BACKGROUND: Pulse pressure represents a well-established independent predictor for cardiovascular morbidity and mortality. Forearm endothelial dysfunction, defined as impaired vasodilating response to acetylcholine (ACh), may be associated with several cardiovascular risk factors. Recently, the prognostic value of coronary and forearm endothelial dysfunction has been demonstrated.
METHODS: All patients underwent measurement of blood pressure (BP) both clinically and in an ambulatory setting. Endothelium-dependent and -independent vasodilation was investigated by strain-gauge plethysmography in 262 hypertensive patients (age 30 to 55 years) during intra-arterial infusion of increasing doses of ACh and sodium nitroprusside.
RESULTS: We observed that systolic BP rather than diastolic BP significantly induces the PP increase. Linear regression analysis revealed a significant inverse correlation between ACh-stimulated forearm blood flow (FBF) and age, body mass index, clinic and monitored systolic BP, and clinic and monitored PP. However, stepwise multivariate analysis showed that monitored PP was the strongest independent predictor of ACh-stimulated FBF, accounting for 33.6% of the variation. After adjustment for other covariates, ACh-stimulated FBF decreases by 8.7% for each mm Hg increment in monitored PP.

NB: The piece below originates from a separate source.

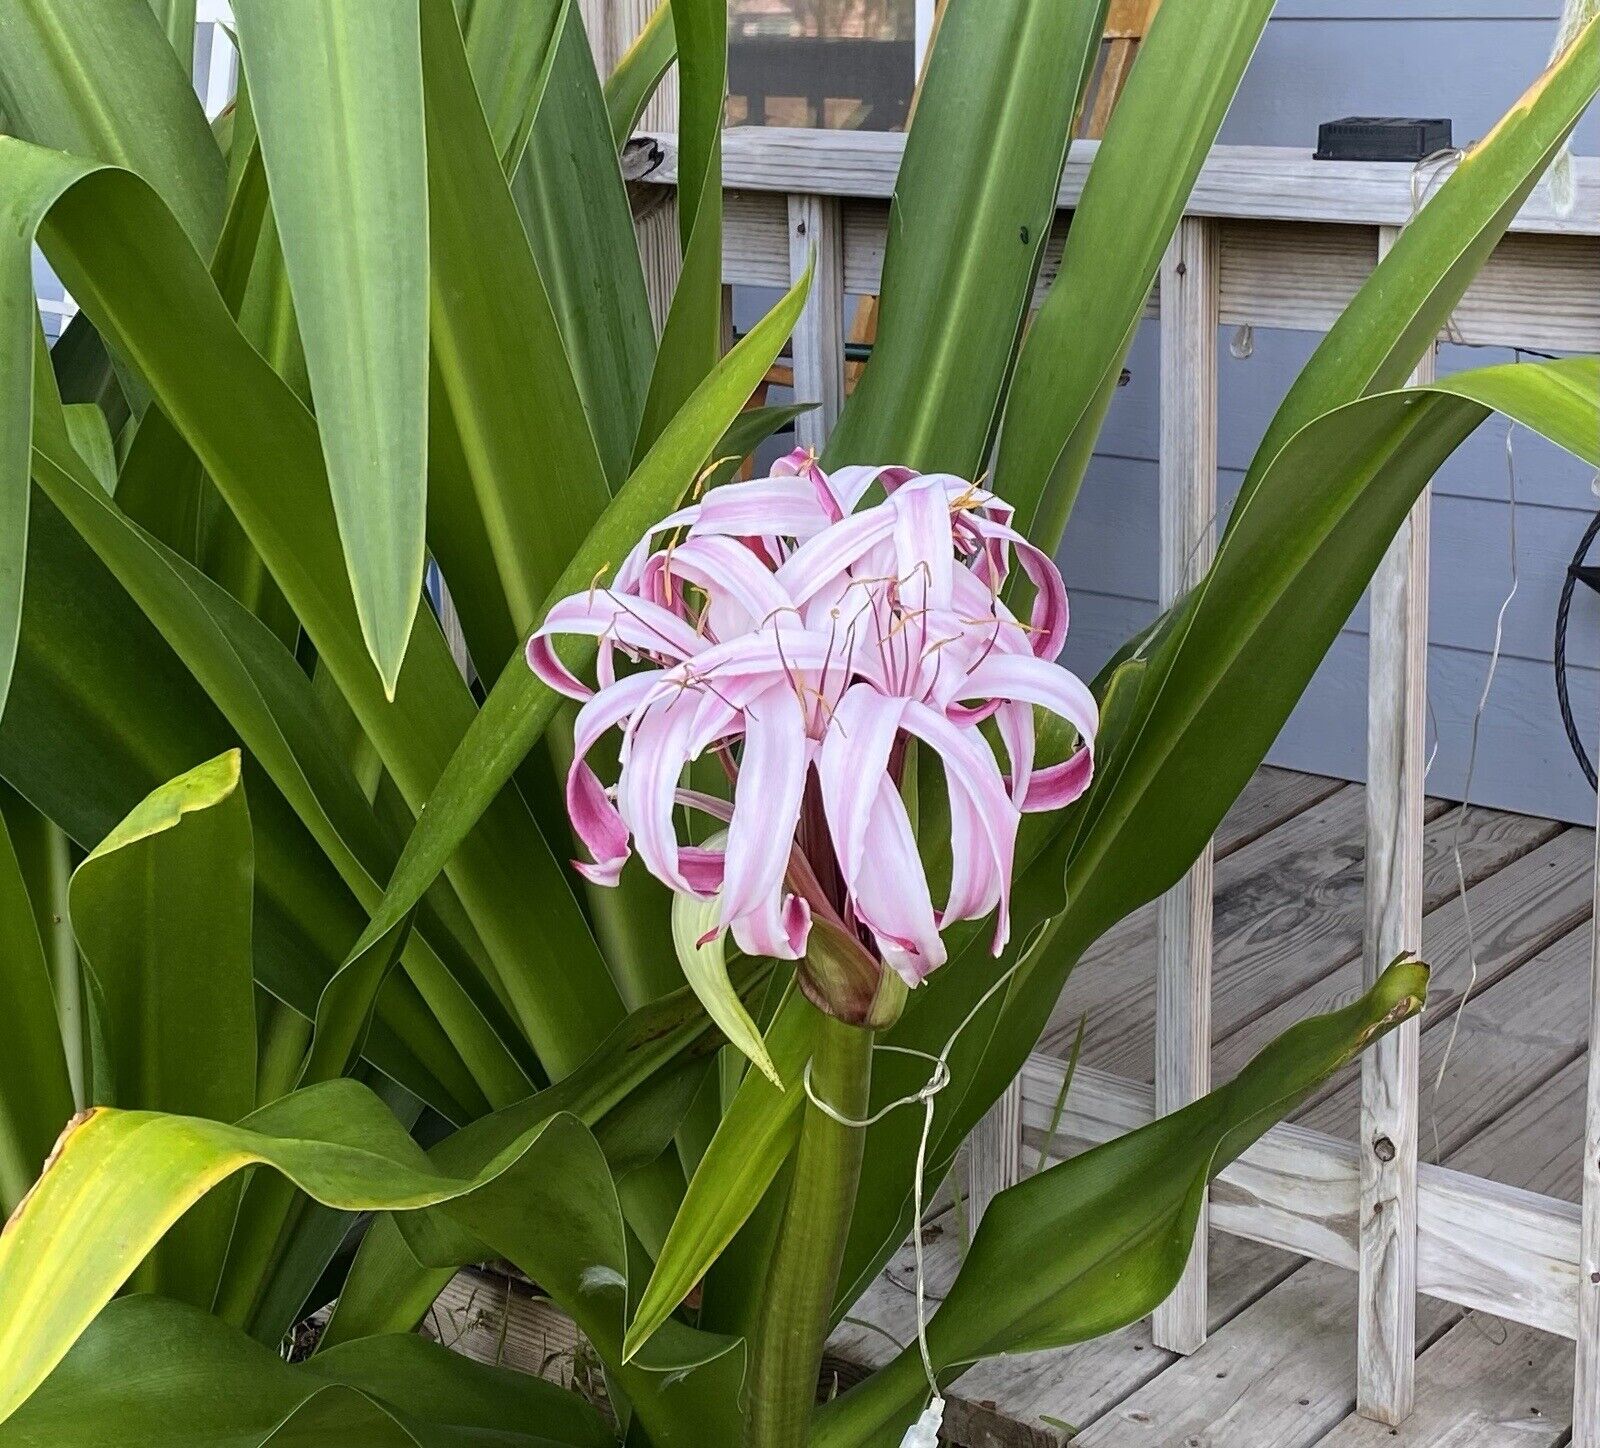 crinum lily, c. asiaticum, giant white spider lily bulbs

CONCLUSIONS: Our data indicate that monitored PP is inversely correlated with ACh-stimulated vasodilation. It is possible to hypothesize that elevation in PP reduces FBF by increasing oxidative stress and reducing production of nitric oxide caused by reduced shear stress. In addition, the present findings demonstrate the accuracy of ambulatory BP as a prognostic predictor of hypertension-associated endothelial dysfunction.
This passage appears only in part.